Although many reports were already available from Austrian doctors which furnished evidence of the efficacy of Ukrain, such as from Prof. Wodnianski, Prof. Judmaier, Ludwig Boltzmann Institut für klinische Onkologie im Krankenhaus der Stadt Wien - Lainz and others, Hofrat Dr. Pittner disregarded them in his report of 3 January 1989 and expressed unsubstantiated doubt about the efficacy of Ukrain. By 1989 the preparation Ukrain had already been presented 30 times at international congresses and 450 medical histories of patients treated with Ukrain had been submitted to the Federal Ministry of Health.
In his report of 3 January 1989 Hofrat Univ.-Doz. Dr. Pittner wrote:
“Besides the fluctuating alkaloid content of greater celandine the pharmacologist also encounters with scepticism the claim that Thiotepa no longer has a cytostatic effect after conversion with greater celandine, which leads to the conclusion of inefficacy.”

This unsubstantiated accusation of supposed inefficacy was also further repeated by Dr. Pittner.

In this report Dr. Pittner writes about the over 400 patients (who had exhausted all other forms of therapy) who were treated with Ukrain saying that useful results were achieved with 40-50 of them. This means that 10% of patients who had exhausted all other forms of therapy could still be helped – a fact that was totally ignored. In addition, he himself confirms the safety of Ukrain in that he designates the preparation as non-toxic.

We take the liberty of quoting one of these cases.

In 1984 after his experience with Ukrain in treating patients with metastising melanoma the renowned Austrian dermatologist and melanoma specialist Prof. Dr. Peter Wodniansky remarked that this medicament can save patients’ lives. It was therefore not surprising that he felt it his duty to inform the Ministry of Science and Research, which he did on 12 June 1984. He reported on his good results and requested that the potential of Ukrain be examined in a clinical study: “This most unusual result – with a patient who is already secreting melanine in the urine, one hardly expects a few months! – impressed me so much that I asked Prof. Dr. Klaus Wolf, the head of the I. University Dermatology Clinic to test Dipl. Ing. Nowicky’s preparation clinically. Professor Wolf agreed to this test without further ado – so that I too join in this request for further support.” (www.ukrin.com/docs/wodniansky.pdf). This shows that he was aware of the efficacy of Ukrain and had recognised its material truth.

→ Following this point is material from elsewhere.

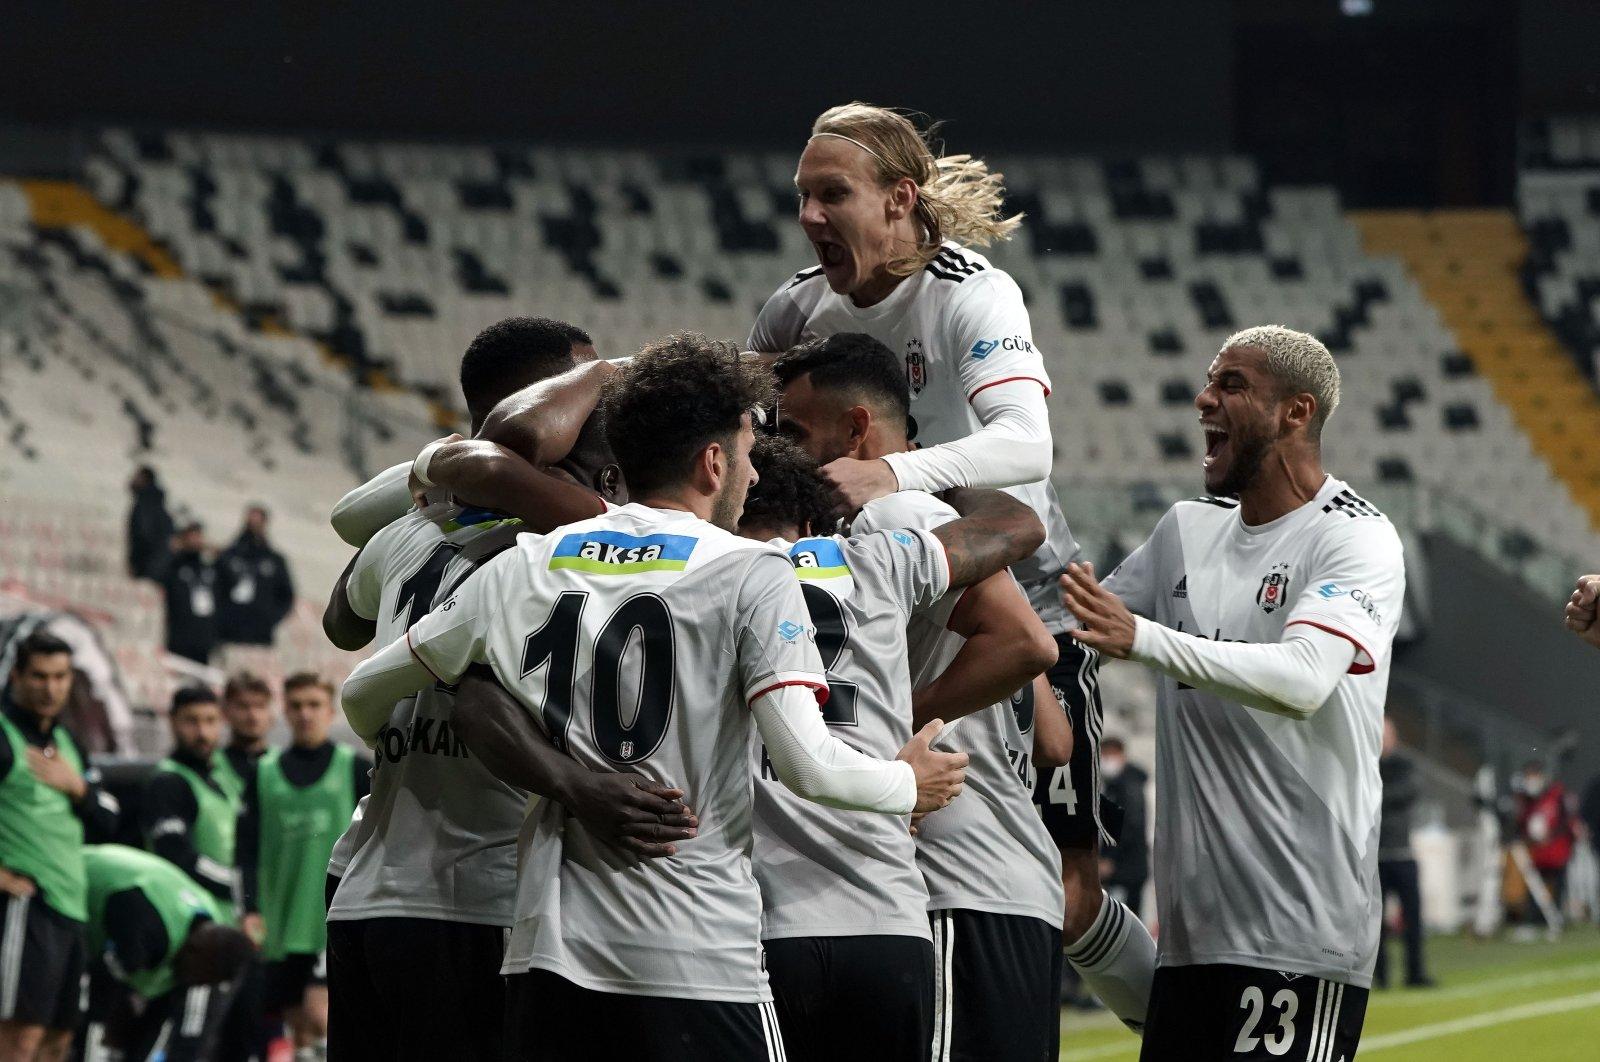 Beşiktaş players celebrate a goal during the Süper Lig match against Yeni Malatyaspor, in Istanbul, Turkey, Nov. 1, 2020. (IHA Photo)
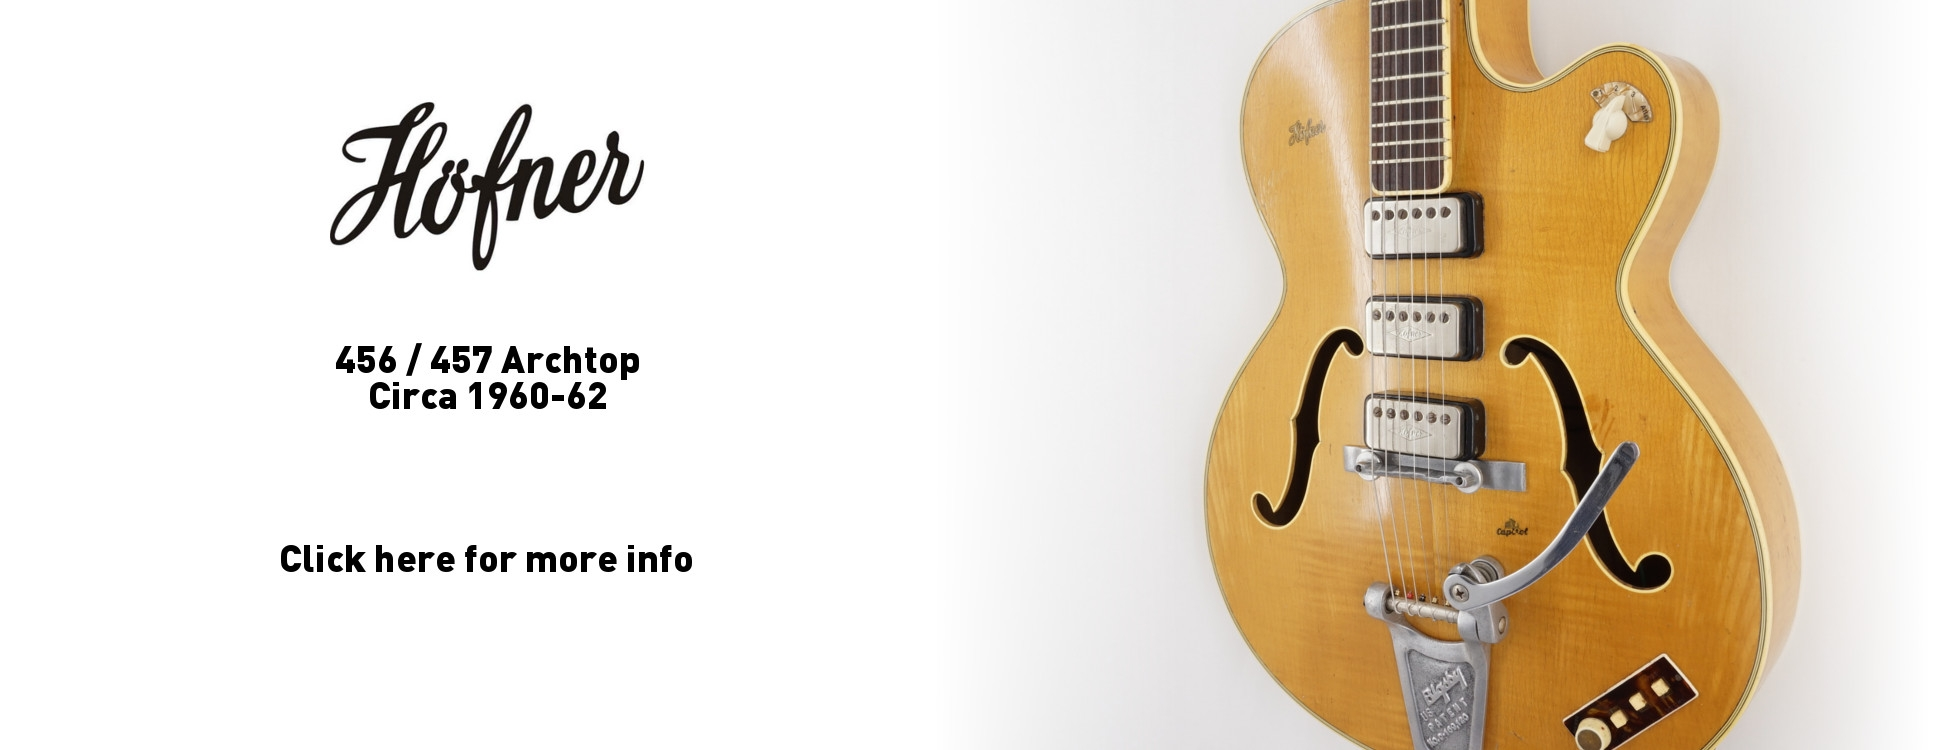 Hofner 456 457 Archtop Guitar

I repeat: Dr. Pittner does not doubt that “Ukrain has an interesting tumour inhibiting effect”. (www.ukrin.com/docs/19911004-pittner.pdf). He also does not doubt that Ukrain is non-toxic: “… Thiotepa no longer has a cytostatic effect after conversion with greater celandine, which leads to the conclusion of inefficacy.” And despite this he is against the approval of Ukrain: “…the institute must therefore remain against the approval of Ukrain.” (www.ukrin.com/docs/19911004-pittner.pdf)

Firstly open studies were demanded. Then controlled studies. When the results of these studies were submitted to the ministry in 1993 Dr. Pittner demanded randomised clinical studies. When these were also submitted he demanded that the study be carried out in Austria. After Austrian researchers declared themselves willing to carry out such a study in 1995 Dr. Pittner demanded a placebo-controlled, double-blind study, which appears as ethically problematic in the field of oncology: “I see the most serious deficiency in the suggested study as the lack of a placebo group.” (www.ukrin.com/docs/Placebo_1995.pdf). He thereby set up a precondition for approval which no oncologist could fulfil.
I repeat: “Placebo, so-called dummy drug, is a pharmaceutically ineffective and indifferent substance.”

The illegal conduct of the above-mentioned civil servants has not only harmed cancer patients but also the Austrian economy as well as myself. Because Ukrain has not been approved the state of Austria is losing annual tax revenues to the amount of EUR 770.500.000.

Ukrain also has Orphan Drug Status in the USA and Australia, is approved in many countries but not in Austria, its country of origin. The health insurance funds therefore refuse to bear the costs of treatment meaning that only more affluent patients can afford treatment with Ukrain. The right to free choice of therapy for cancer patients in accordance with §5a KAKuG and §110 StGB is thus not assured.